Parity defined: If a plan offers a mental or addictive disorder health benefit, it must be equal to the medical benefit the beneficiary is entitled to. Parity does not mandate a plan to offer mental health and/or addiction treatment benefits, only to match what is offered regarding the medical benefit.
Addiction is a brain disease and the objective of enacting parity is to achieve the same medical coverage for brain disorders equal to those for other organ systems and medical conditions (relapsing diseases such as diabetes).
Legislative Initiatives currently before Congress are a step in the right direction and will help Addiction Professionals build momentum for more comprehensive legislation.
Why Should the Federal Government Take a Role in This Issue?
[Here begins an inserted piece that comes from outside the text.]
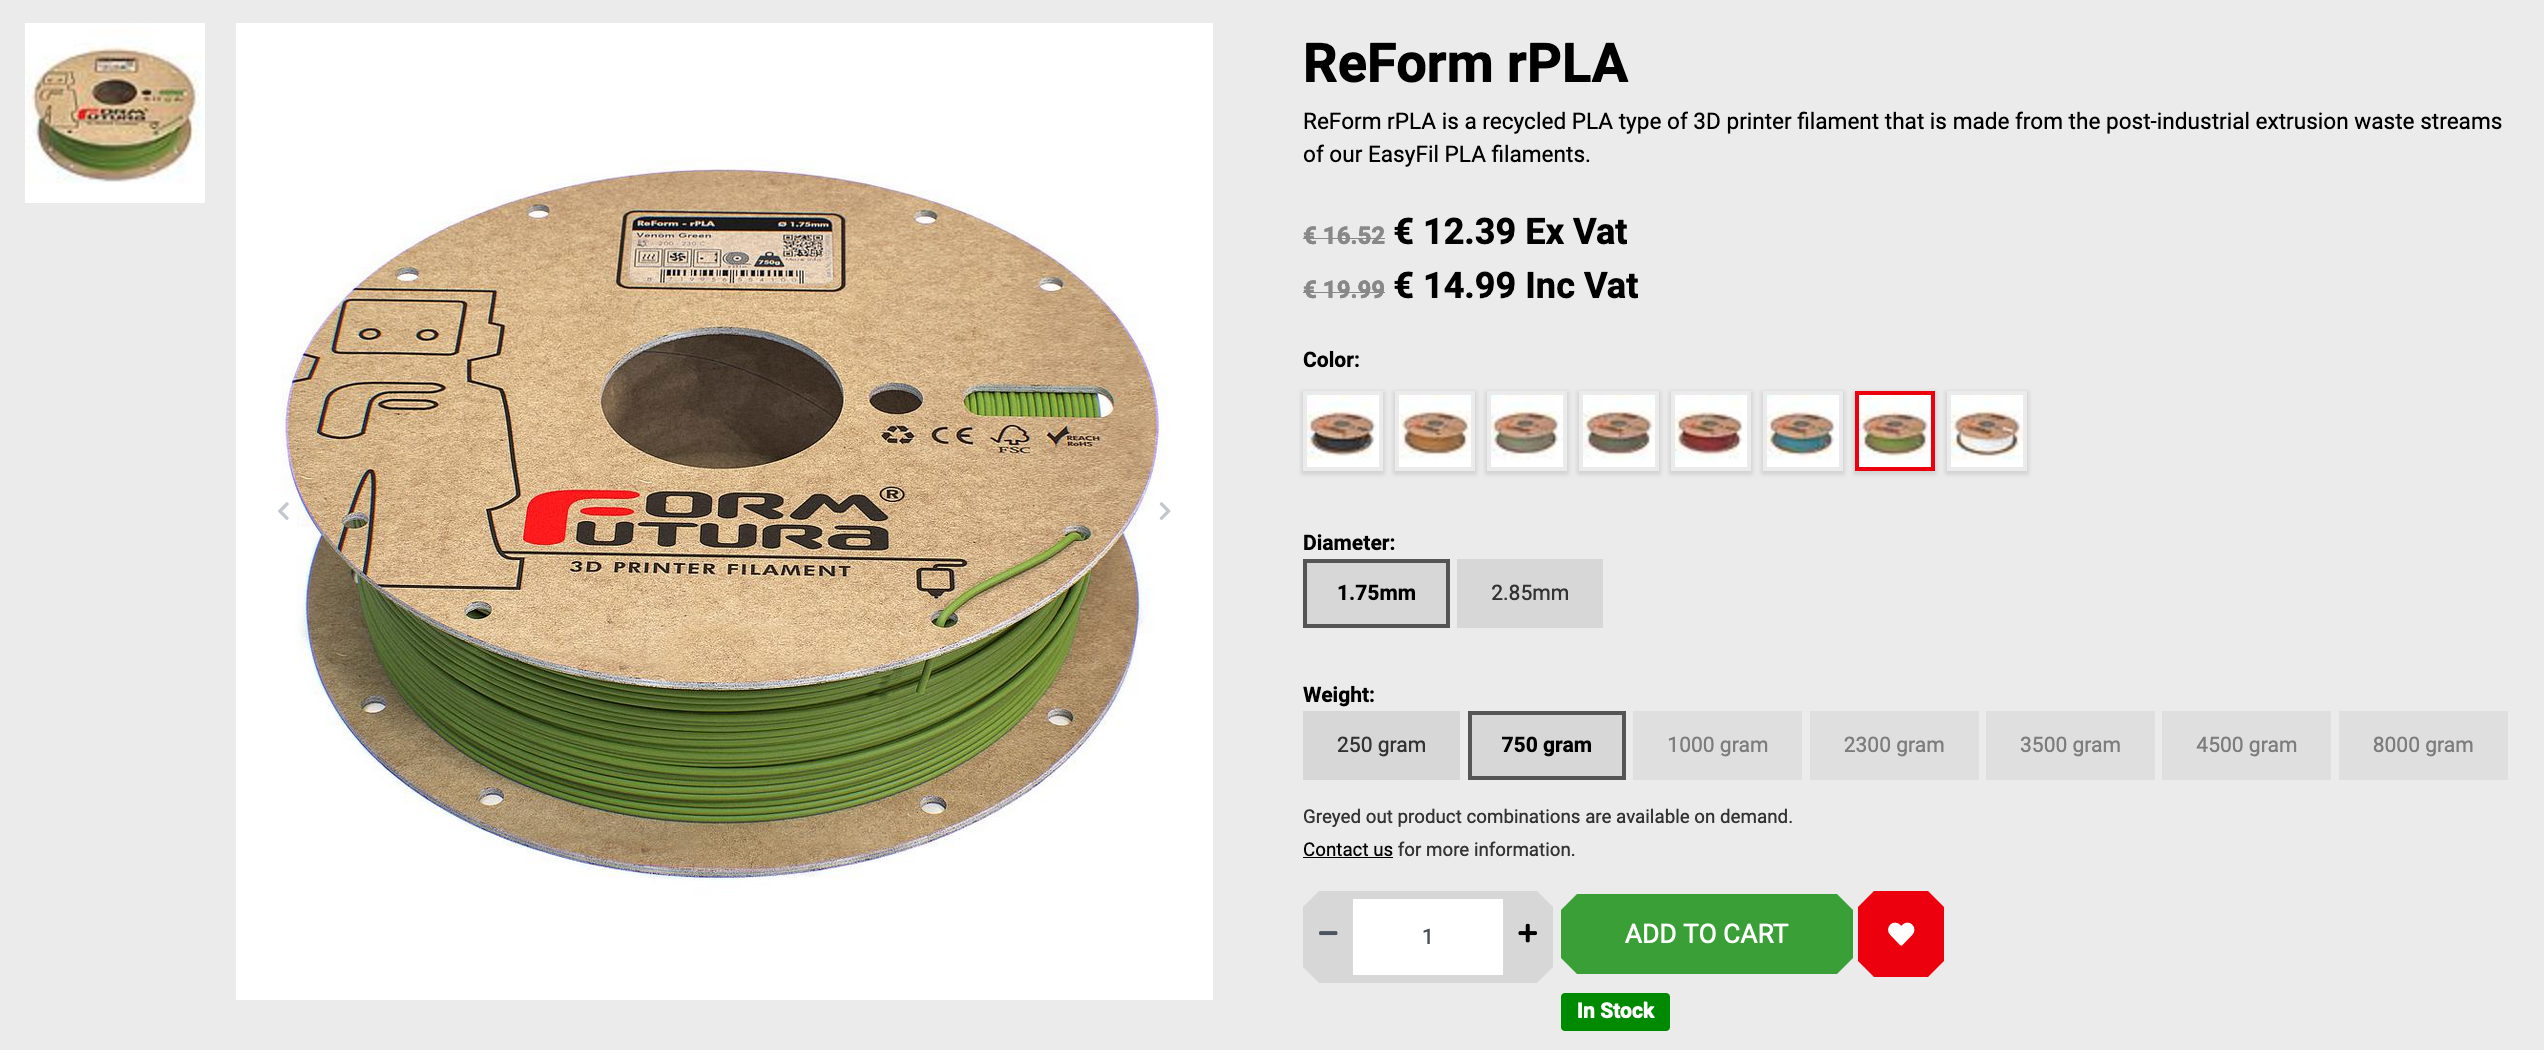 A online shop listing showing a spool of 3D printing filament by the company FormFutura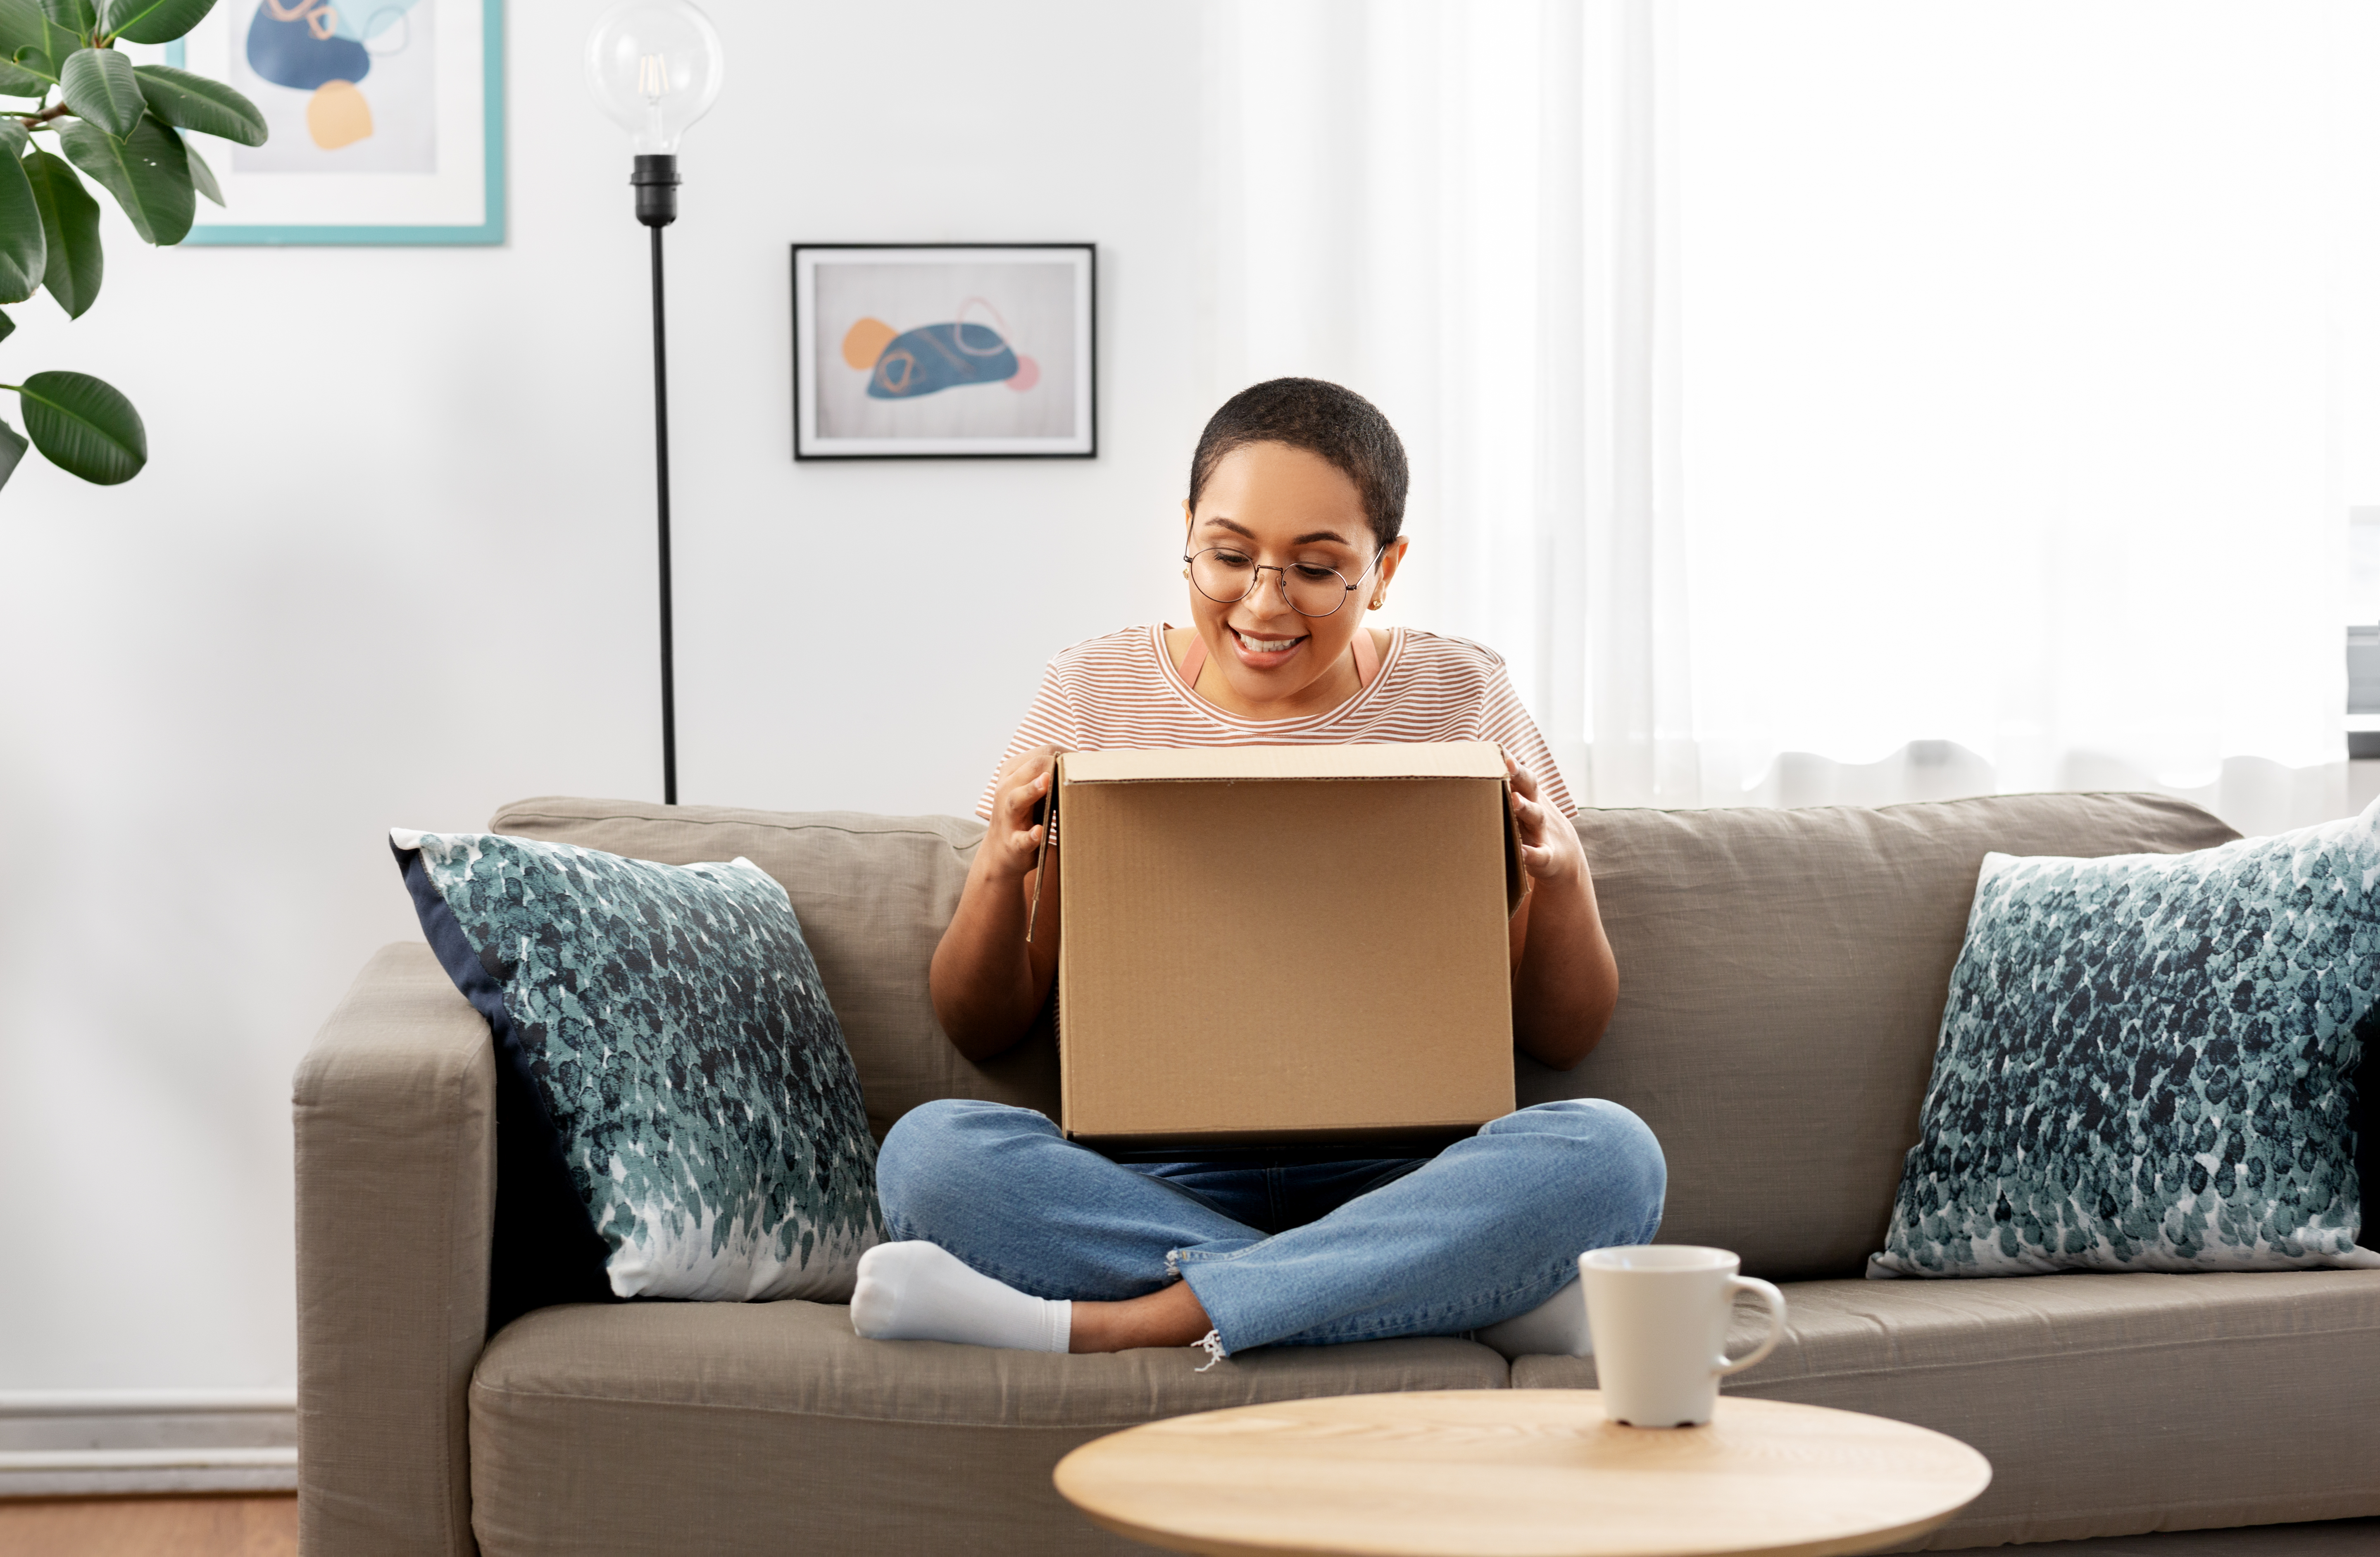 Woman sitting on the couch smiling looking into a box

Market forces become "market failures" when addressing a disease mired in stigma and discrimination. NAADAC believes that a federal law is appropriate to correct the current market failure that places an unfair burden on American taxpayers who must pay for the social consequences of insufficient employer provided coverage.
If alcoholism and drug addiction is not treated when an individual has employer provided insurance, the costs of addiction only increase. They simply become a negative externality, causing costly problems in other areas of the public and private systems.
When families run out of insurance, as well as personal and retirement savings to pay for treatment, they turn to the public system where costs are picked up by federal, state, county, or city treatment programs. Additional costs are shifted to the community in terms of crime and loss. At these stages of treatment, the costs skyrocket and, in addition to a loss of productivity in the workplace, families are inextricably altered due to the lack of treatment and exacerbation of the disorder.
Costs of alcoholism and drug addiction are also shifted back to the private health system which must deal with numerous alcohol and drug related accidents and diseases such as cirrhosis, fetal alcohol syndrome, AIDS, stroke, Hepatitis C, and Cancer. Costs may also be shifted to the criminal justice system, which deals predominately with individuals with addiction disorders and substance abuse problems.
NAADAC's Perspective on Behavioral Health Parity
NAADAC supports mental health and substance abuse parity legislation at both the state and federal level.
Large scale savings would accrue due to parity and increased accessibility of treatment in lives saved, fewer highway deaths, reductions in theft, reductions in illegal drug trafficking and related violence, reduced use coverage for "medical illness," lower employee absenteeism and greater employee productivity.
We can choose to continue to allow addiction to place an unfair financial burden on taxpayers and exact a terrible toll upon affected American workers and their families, or we can ensure that our health system begins to recognize alcoholism and drug addiction as diseases and treat them, thus saving lives, restoring families, and improving communities.